Taxes and shares: Making sure crypto founders do not flounder 

Cathy Wears

by Jaspal Pachu (Partner), and Cathy Wears (Of Counsel) at CMS

Founders could be forgiven for neglecting their share capital when a company is run from a spare bedroom and when turning a profit, let alone the idea of a company sale, is still a pipe dream.

The specifics of ownership are often forgotten in a flurry of administrative activities on company formation. An original founder may have taken a back-seat in the operation of the company, or an employee who was instrumental in launching the company may not have received equity at formation.

Fast forward a few years into the territory of investment rounds and potential exits, and who owns what becomes very important indeed.

Tax considerations

Founders (and key employees) are typically company directors (executives or NEDs) and are generally treated as employees of the company for tax purposes (even if they are not in fact employees).

Jaspal Pachu

Any shares they hold or acquire are therefore deemed to be ‘employment related securities’ (ERS) for tax purposes and their acquisition or disposal may be subject to income tax and potentially employer and employee NICs. For example, income tax may (amongst other circumstances) become payable (possibly under PAYE) if:

  • shares are transferred to (or between) founders or other employees for less than market value; 
  • there is a disposal (or lifting of restrictions) where shares are restricted (for example have good or bad leaver provisions) and founders/employees fail to make the appropriate election and/or pay ‘unrestricted’ market value at acquisition; or
  • shares held by founders or employees indirectly receive value. For example, where a founder shareholder is no longer involved in the running of the business and agrees to forfeit their shares in order to increase the value of the remaining founders’ and employees’ shares.

This rule also applies to both future and past employment and even where shares are made available to a person by virtue of another person’s employment. There is a potential dispensation for certain share transfers between family members where these are not considered to be employment related. 

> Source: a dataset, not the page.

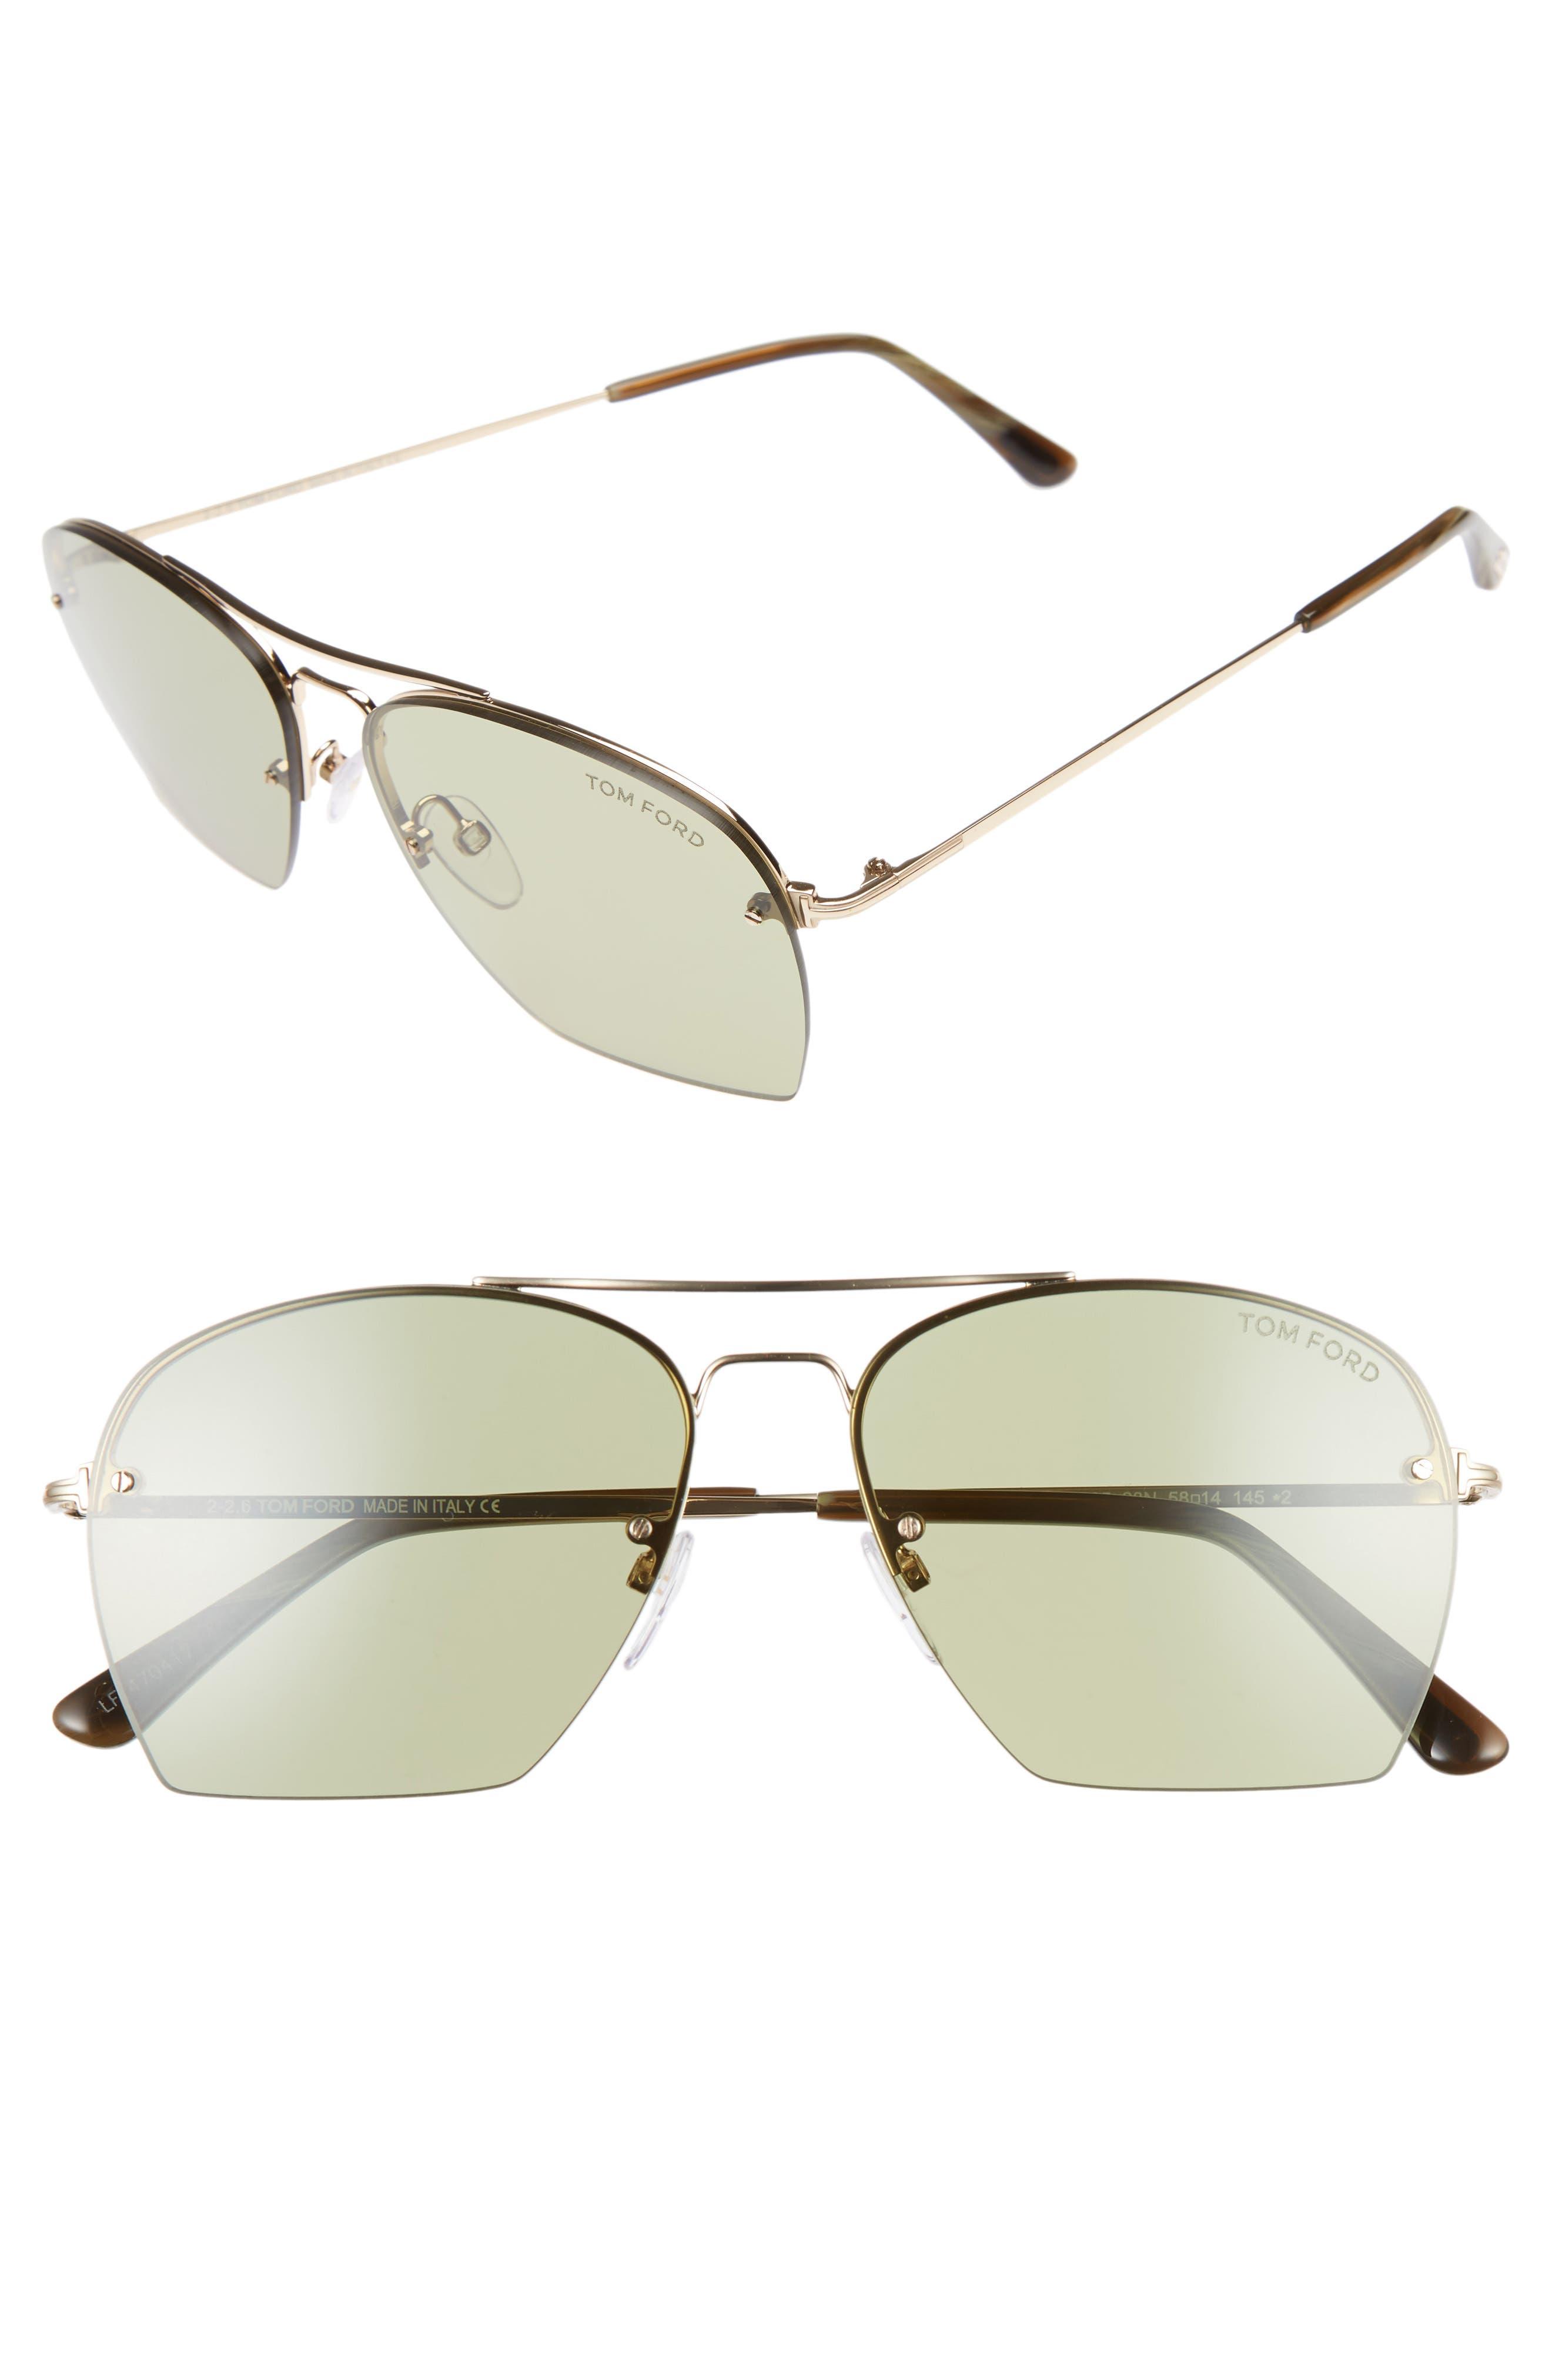 Tom Ford Whelan 58mm Aviator Sunglasses

As time goes on and the company increases in value, the magnitude of the potential tax problem increases; it is therefore crucial to get the shareholdings correct as early as possible, when the value is low.

Valuation is key. The tax implications of moving around shares of little value are relatively minor, all that is generally required is a few filings at Companies House.

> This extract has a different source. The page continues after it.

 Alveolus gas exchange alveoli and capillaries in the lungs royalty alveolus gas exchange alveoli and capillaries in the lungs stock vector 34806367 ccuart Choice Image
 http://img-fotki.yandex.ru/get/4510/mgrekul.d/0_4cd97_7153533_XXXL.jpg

The difficulty is demonstrating and evidencing the value of the shares at the time of the transfer. It can be hard to argue to a potential buyer of a multi-million-pound business that the shares were once worth pennies and so there is no historic tax to consider. 

Efficient alternatives 

A founder share rebalance may be a good opportunity to increase the company’s option pool for employees.

Transferring excess founder shares into a ‘warehouse’ such as an employee benefit trust would not further dilute investors, and the company can then use these shares to incentivise employees through options or other equity awards.

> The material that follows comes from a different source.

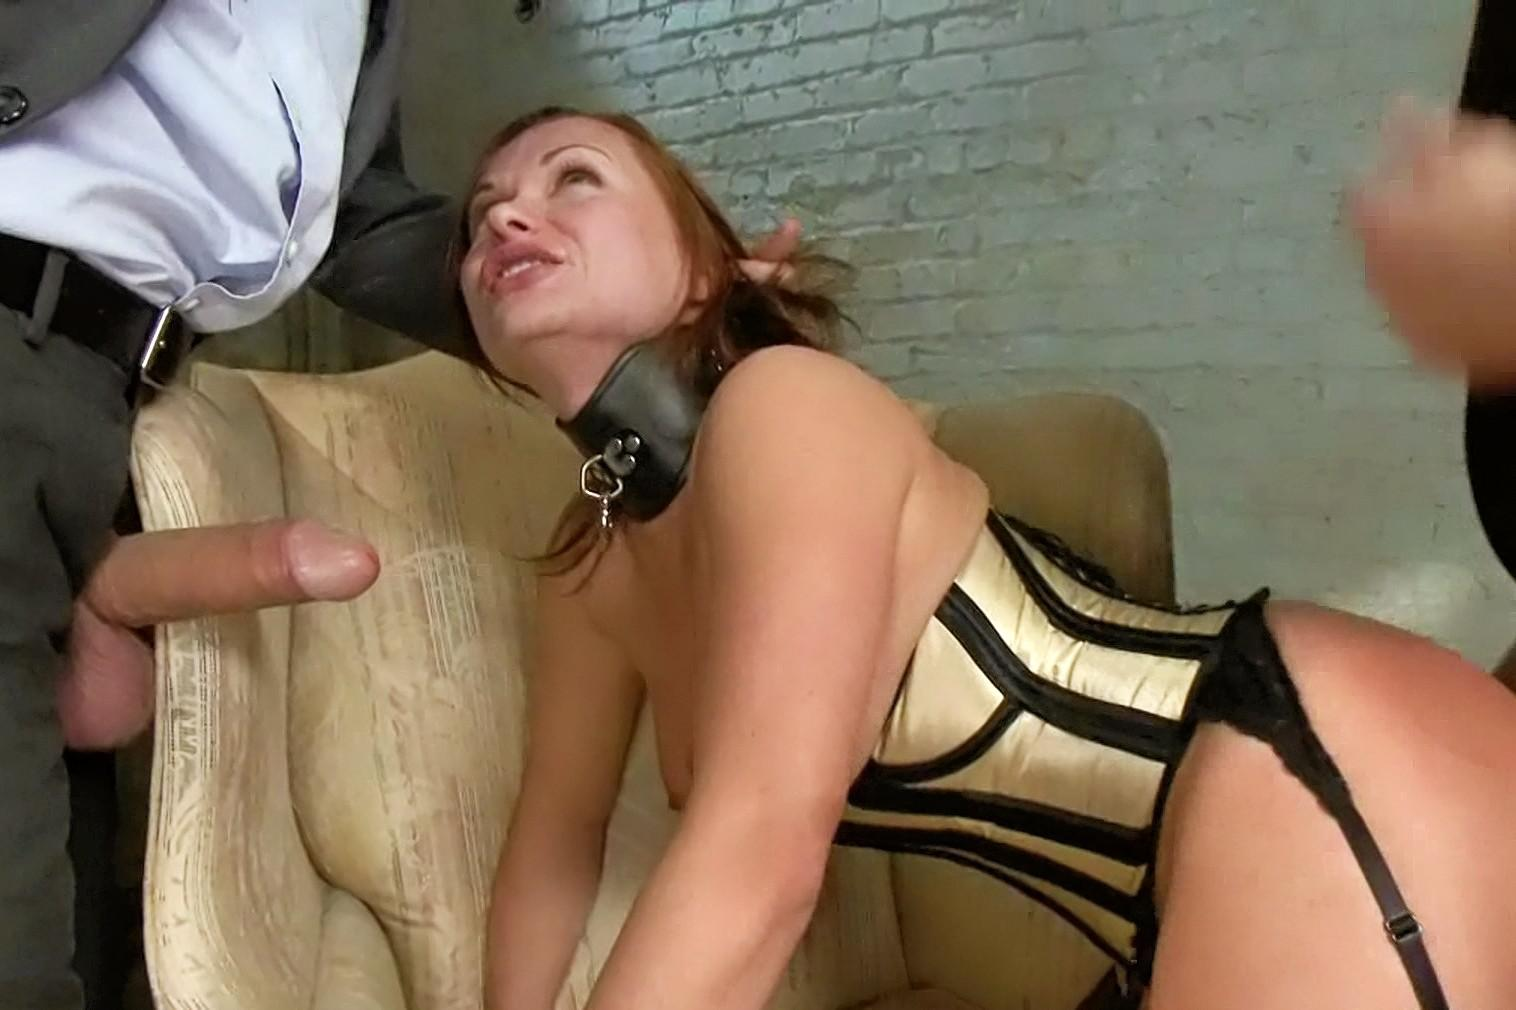 Adult Porn Bdsm bdsm bondage movie story video . adult gallery. comments: 5

Structured correctly, equity-based awards may be more tax favourable than cash bonuses to employees in the UK or overseas.

EMI options 

For UK employees, provided the company qualifies, ‘enterprise management incentives’ options may be a good vehicle to help not only to get your founder shareholdings correct, but also incentivise the workforce or other founders.

EMI options provide certainty from a valuation perspective as HMRC will agree the tax value of the underlying shares in these circumstances (which they would not otherwise). An added bonus is that EMI options can even reduce employees’ tax liability on eventual disposal of the option shares from 20% to 10%.